PackEyedOptimist's picture

I have exactly the same issue with Landry; I'm not convinced he would fit on the Packers defense unless they switched to a dedicated 4-3, which isn't Perrine's style. I'm concerned about that with Davenport as well.
As for Biegl, last year while watching his tape, he struck me as a much better prospect as an INSIDE LB who could blitz ala Clay.

My preference would be to get D James as a dynamic play-making leader, or T Edmunds as a flexible, highly-athletic, young kid, but I predict both will be gone before 14. That's why I prefer VanderEsche as a "best-choice-given-who's-left" selection.

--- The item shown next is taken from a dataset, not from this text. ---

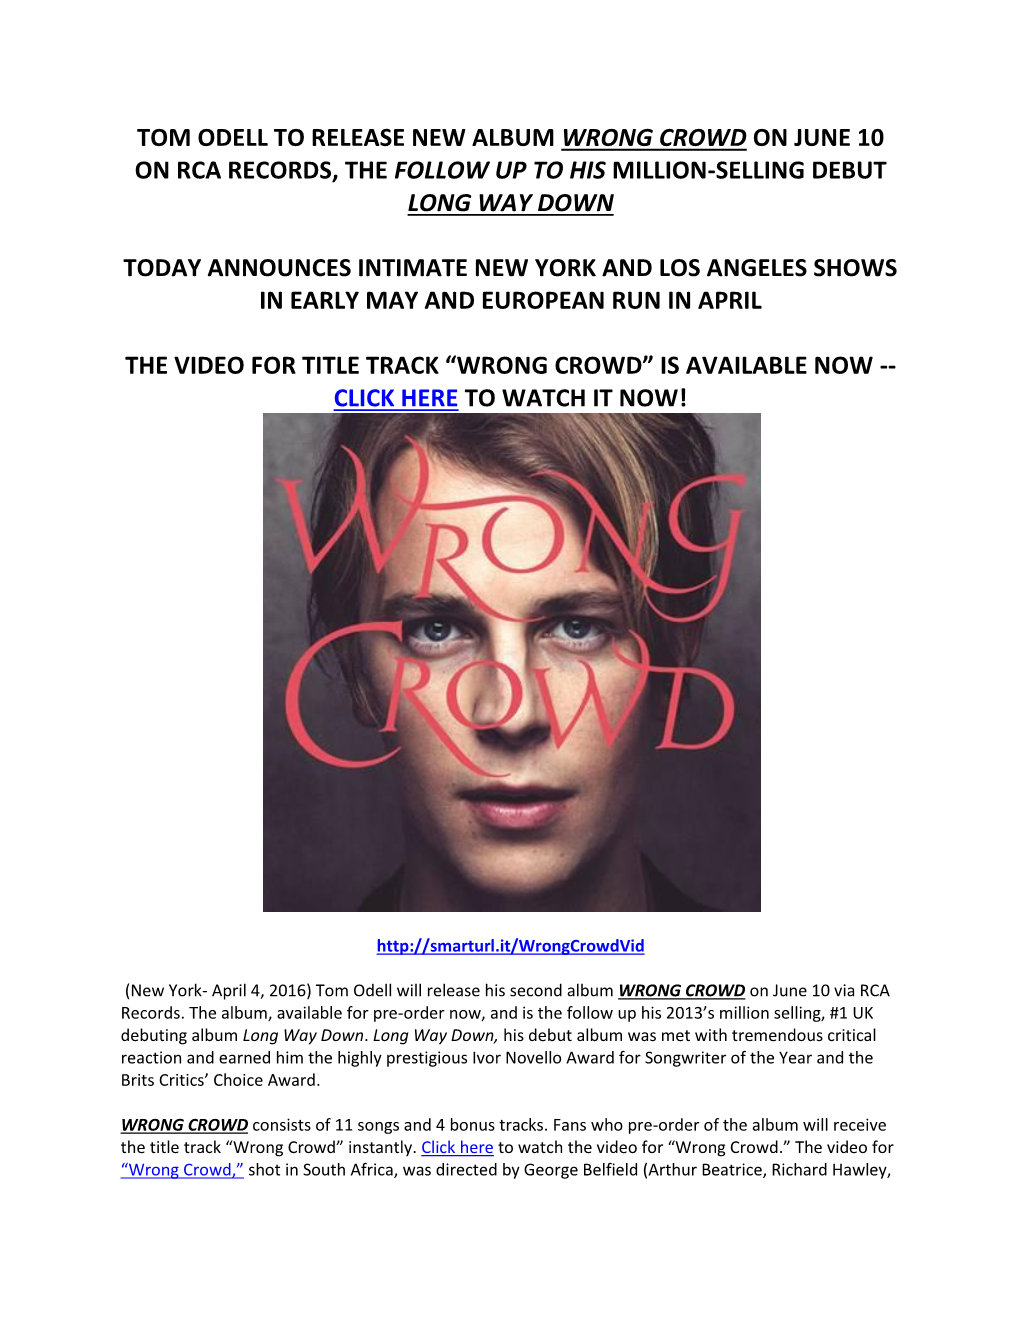 Tom Odell to Release New Album Wrong Crowd on June 10 on Rca Records, the Follow up to His Million-Selling Debut Long Way Down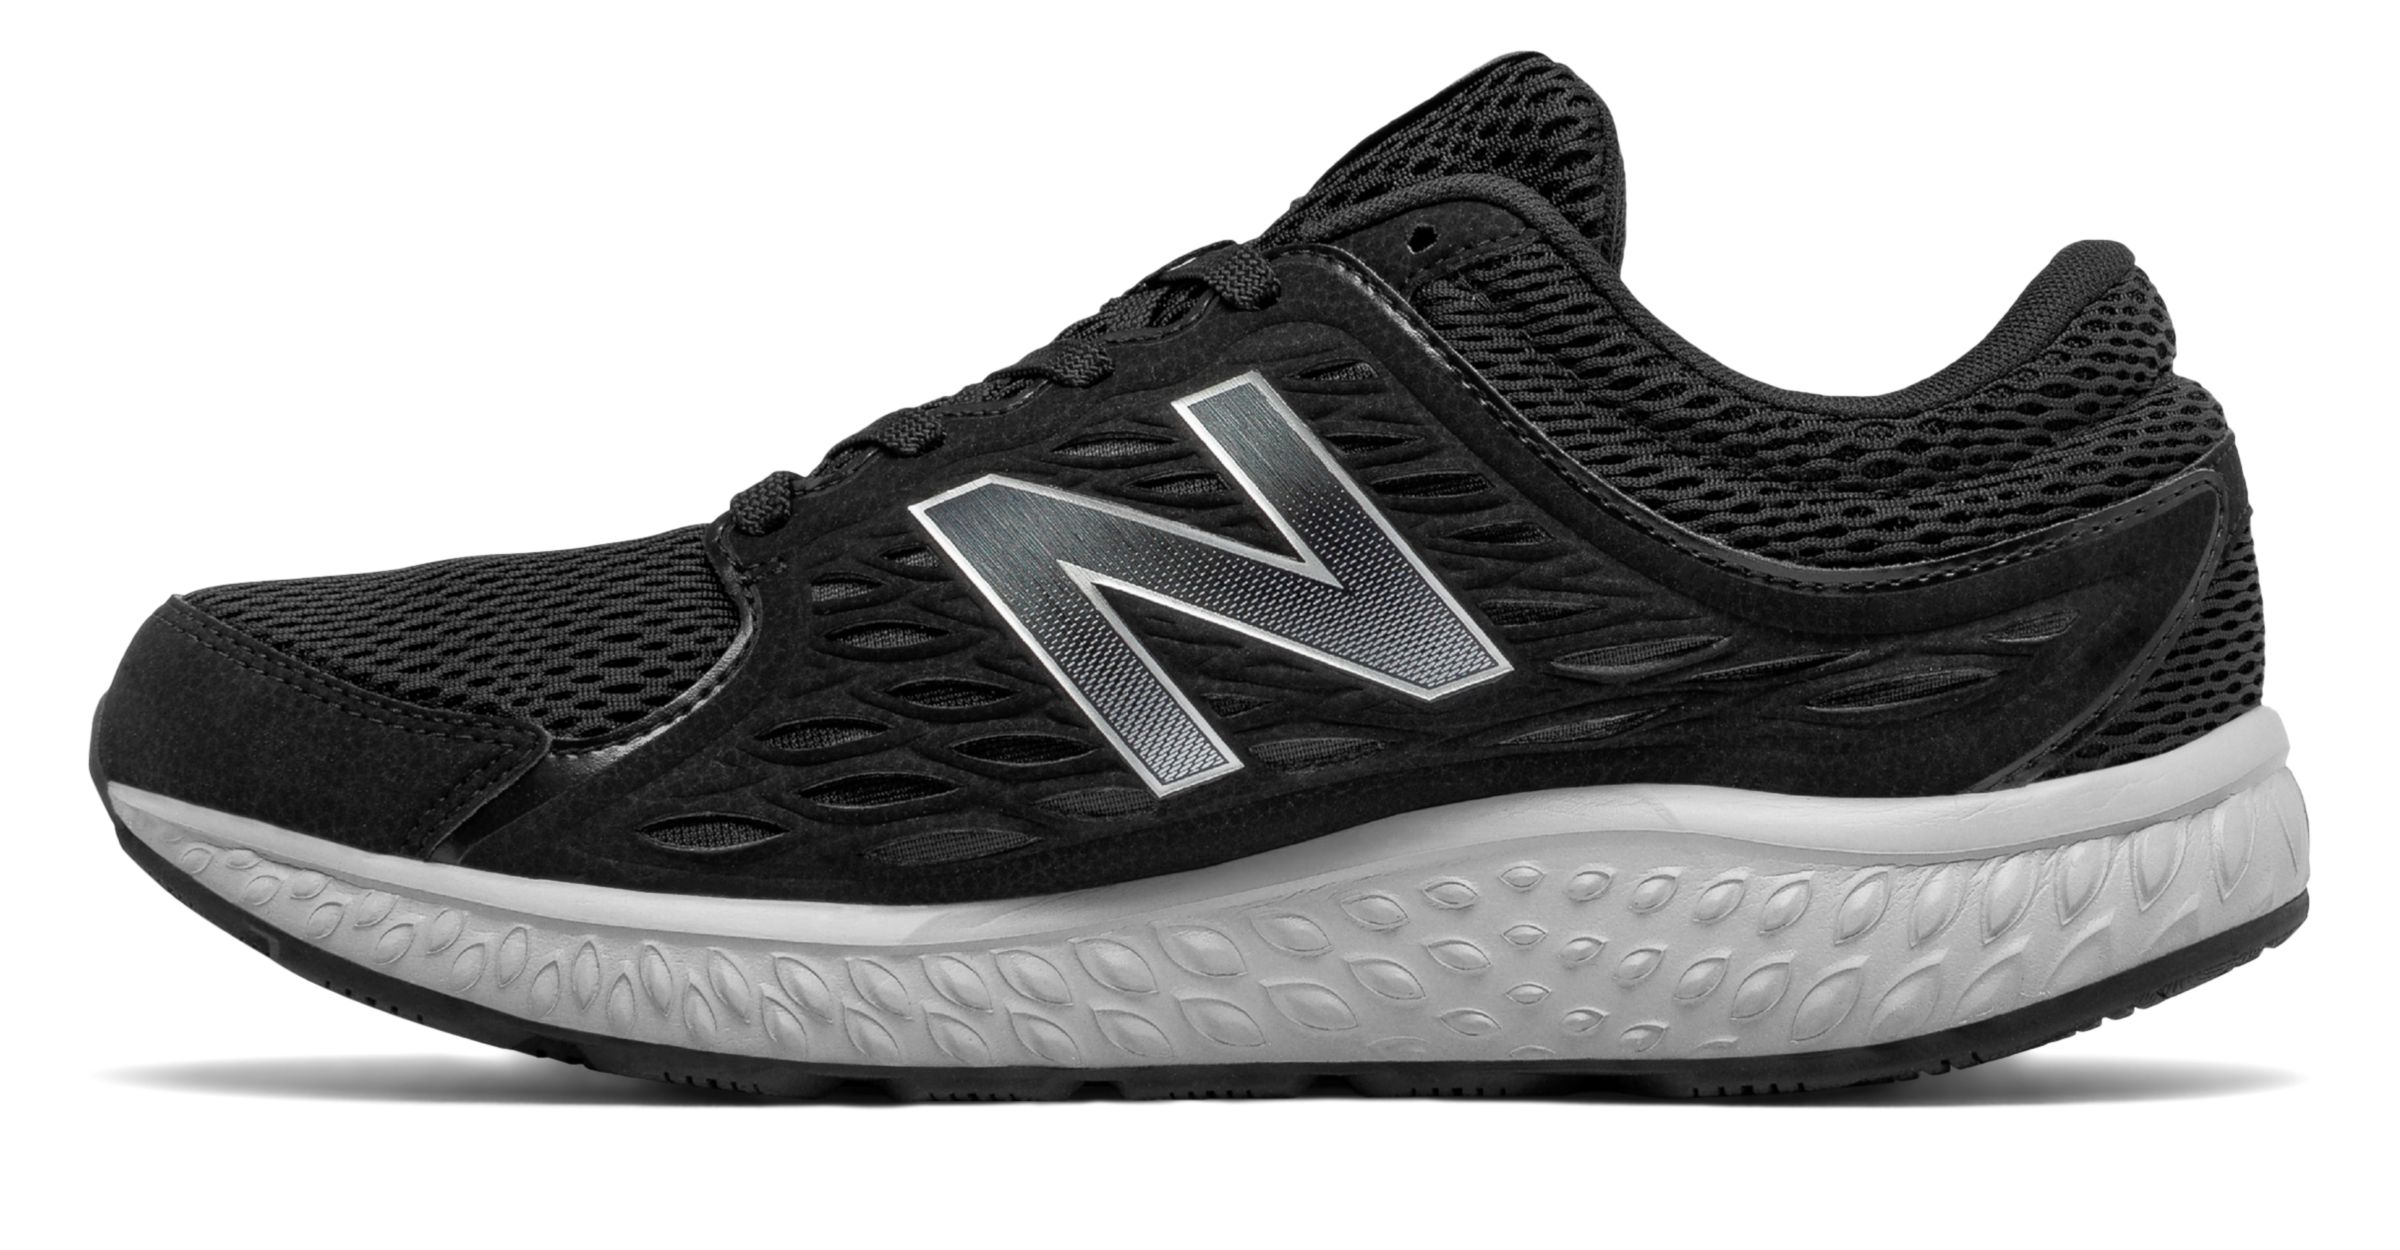 New Balance M420-V3 on Sale - Discounts Up to 58% Off on M420LB3 at Joe's New  Balance Outlet

I actually think a 4-2-5, with Biegl and VanderEsche as the 2, and a "big" DL (Wilkerson/Clark/Daniels/Lowery-Adams? With Matthews/Perry as passing-down edges) would make a very dynamic defense.

4zone's picture

Take the best on the board. We have a lot of needs so most positions should fit who is available. With all our picks, we should have a good chance to upgrade at least 4-5 players. And better is bett

David Aures's picture

For our 14th pick yes, the best player on the board. Please, what ever position you draft, leave him play that position. Dont draft a safety and try to make him a corner, or quaterbacks to receivers, or receiver to play running back, none of that crap. You get an edge rusher thats what he is. You get a corner, that what he is.

Now D. James is more of the multi gifted athlete. With him you can mix safety, slot corner, hybrid- linebacker. But I would definitely use as a safety first.

Imo. First round picks should be players that are best at their position. Why mess that up. We all no the saying, "If it aint broke don't try to fix it".

zeke's picture

I would like to live in the multiverse timeline where Quenton Nelson is available at 14.

zeke's picture

It's probably the same one.

croatpackfan's picture

Ross you have always well supported articles. That is why I enjoy reading them...

Jersey Al's picture

Nice work here, Ross.

Ross Uglem's picture

Thanks, Al!

Finwiz's picture

This is a very interesting analysis.

I believe a significant part of the difference in identifying players based on round taken, is predicated upon importance to the team, and the EFFORT expended to analyze and identify said players.

I'd say it has less to do with ability to identify talent. If TE and tackles were deemed to be the most important positions to IMPACT the game, they would rank much higher in analytical effort, and therefore get a higher (lower number) score. The modern game is all about the pass, and scoring points, as well as the most EFFECTIVE way of stopping the opposition.

It isn't really surprising that EDGE, QB, WR and RB are at the top of the analysis chart. I'll bet the majority of effort in ANY organization goes into evaluating and finding those skill sets.